Madame Laure CHASSAGNE, Présidente, assistée de Monsieur Frédéric KAMOWSKI et Monsieur Philippe LEGRAND, assesseurs, et de Madame Christelle AMICE, Greffier.
Lors du délibéré :
Présidente : Laure CHASSAGNE, Juge
Assesseur : Frédéric KAMOWSKI, Assesseur salarié
Assesseur : Philippe LEGRAND, Assesseur non salarié
JUGEMENT
Prononcé publiquement, par mise à disposition au greffe, par jugement contradictoire et en premier ressort, par Laure CHASSAGNE, Juge, assistée de Christelle AMICE, Greffier.
Transmis par RPVA à : Maître Philippe MARION de la SELEURL AD LEGEM AVOCATS, Me Charlie DESCOINS
EXPOSE DU LITIGE
M. [L] [N] occupe l’emploi de machiniste receveur à la [21] ([20]) depuis l’année 2013.
Il a été victime d’un accident de travail le 1er juillet 2022 alors qu’il conduisait un bus.

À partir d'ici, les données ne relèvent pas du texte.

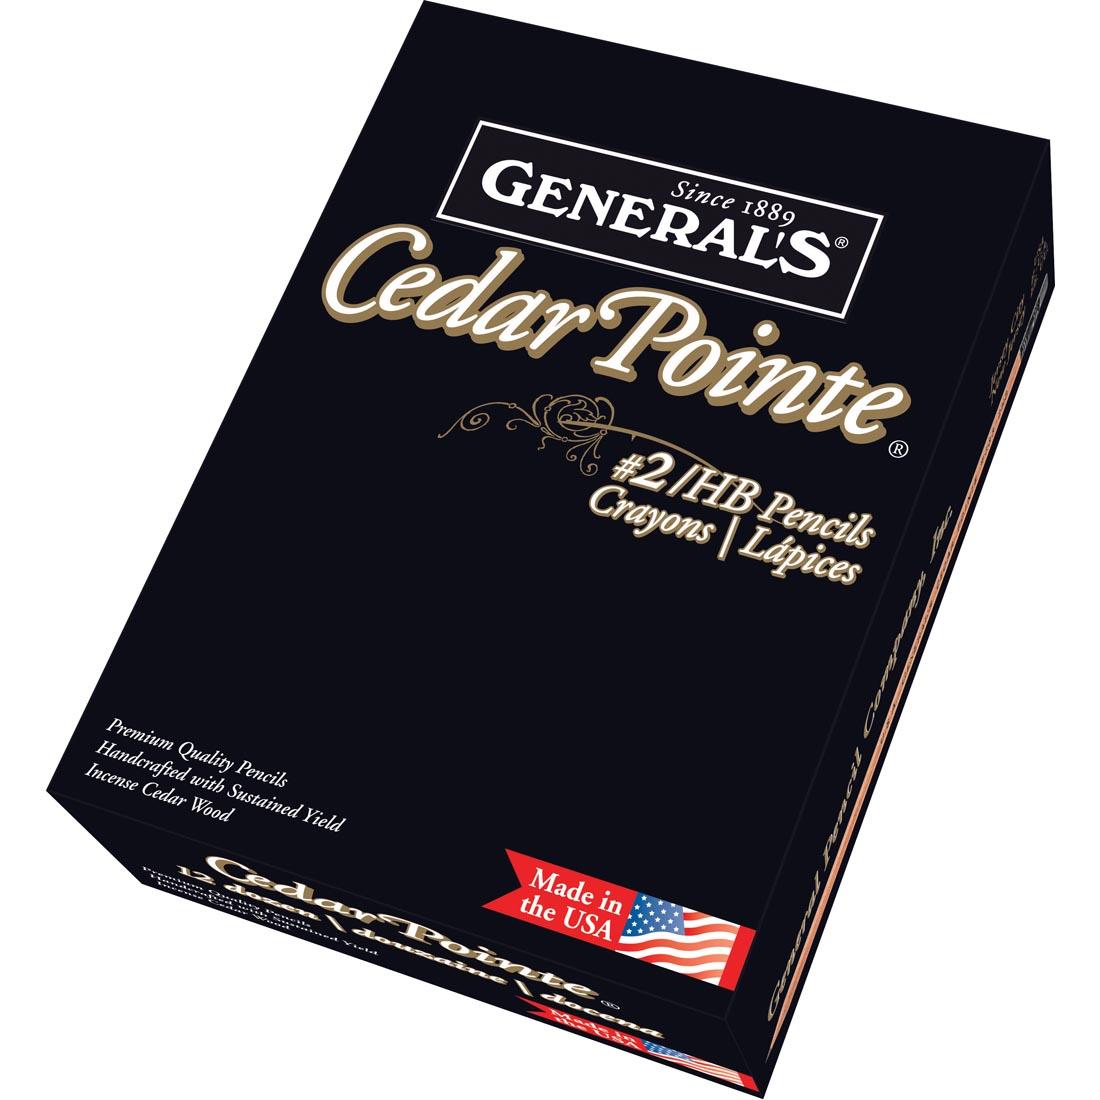 Box of General's Cedar Pointe Pencils
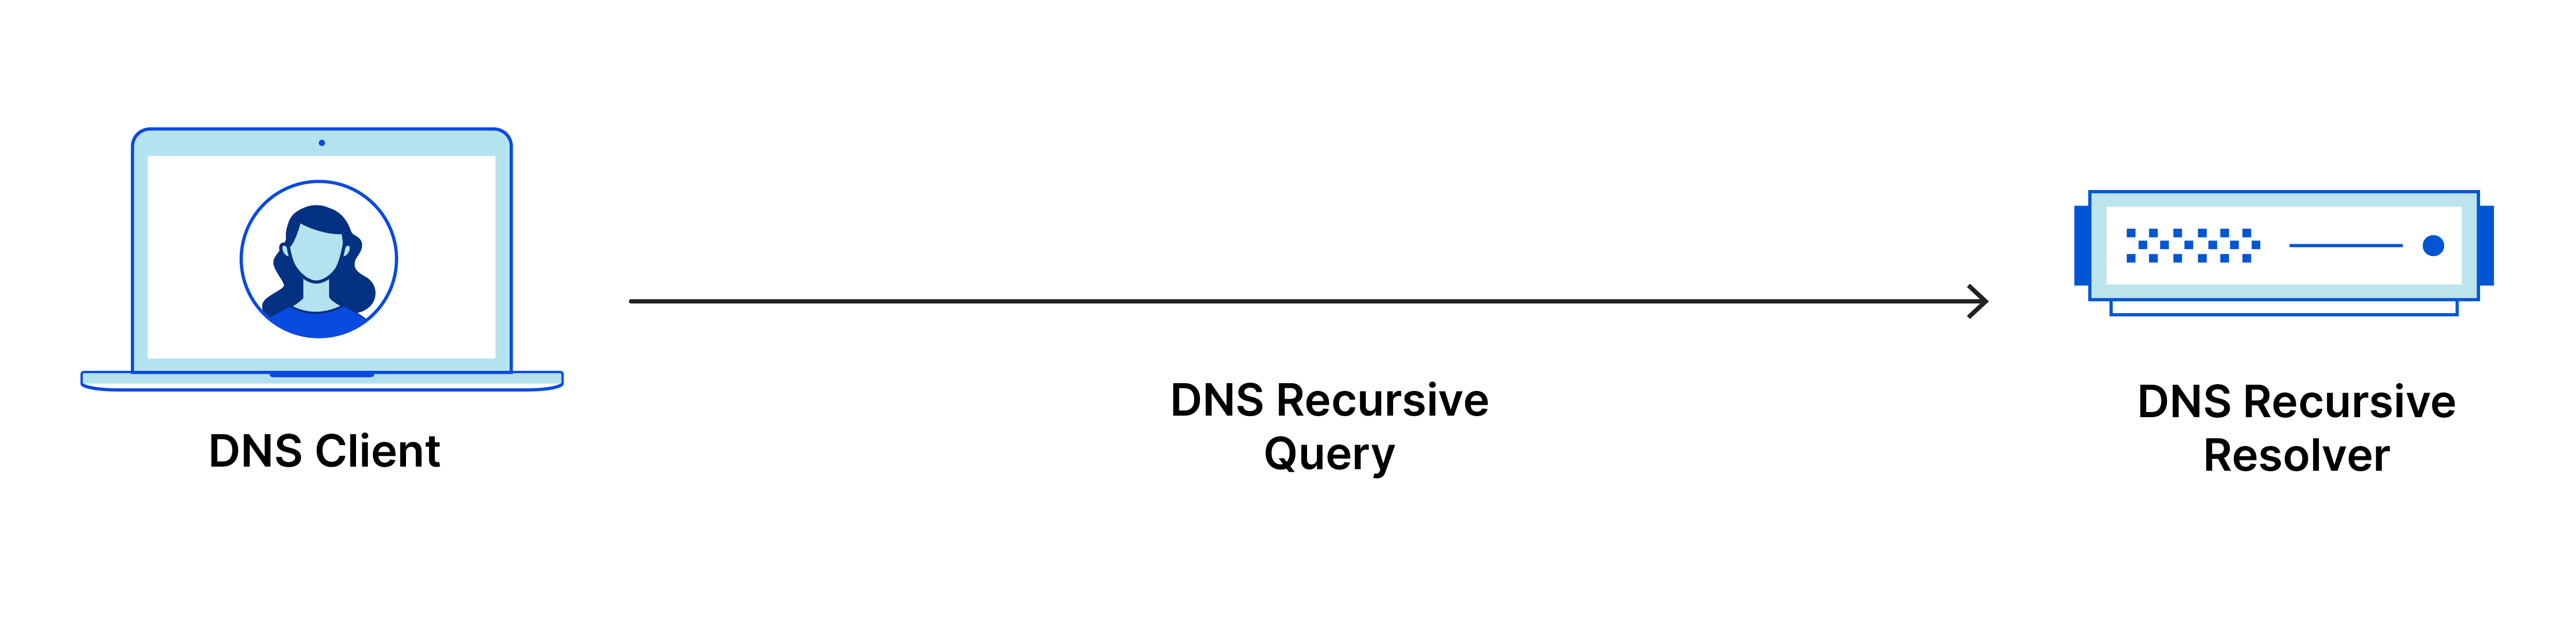 A consulta recursiva de DNS vai do cliente de DNS para o resolvedor de DNS recursivo

La déclaration d’accident du travail fait état des circonstances suivantes : « L’agent déclare : une cliente est entrée dans mon bus et est redescendue précipitamment et en courant est passée devant mon bus. J’ai vu dans mon rétroviseur une voiture qui arrivait. J’ai klaxonné pour avertir la cliente mais le côté et le rétroviseur de la voiture a quand même percuté la cliente. J’ai alors appelé la régulation pour aviser puis j’ai porté assistance à la personne. Les pompiers et la police sont venus et ont transporté la victime à l’hôpital ».
Le certificat médical initial du 1er juillet 2022 par le docteur [I] a constaté : « choc et anxiété réactionnelle » et a prescrit un arrêt de travail jusqu’au 9 juillet 2022. Cet arrêt a été prolongé jusqu’au 14 mars 2024.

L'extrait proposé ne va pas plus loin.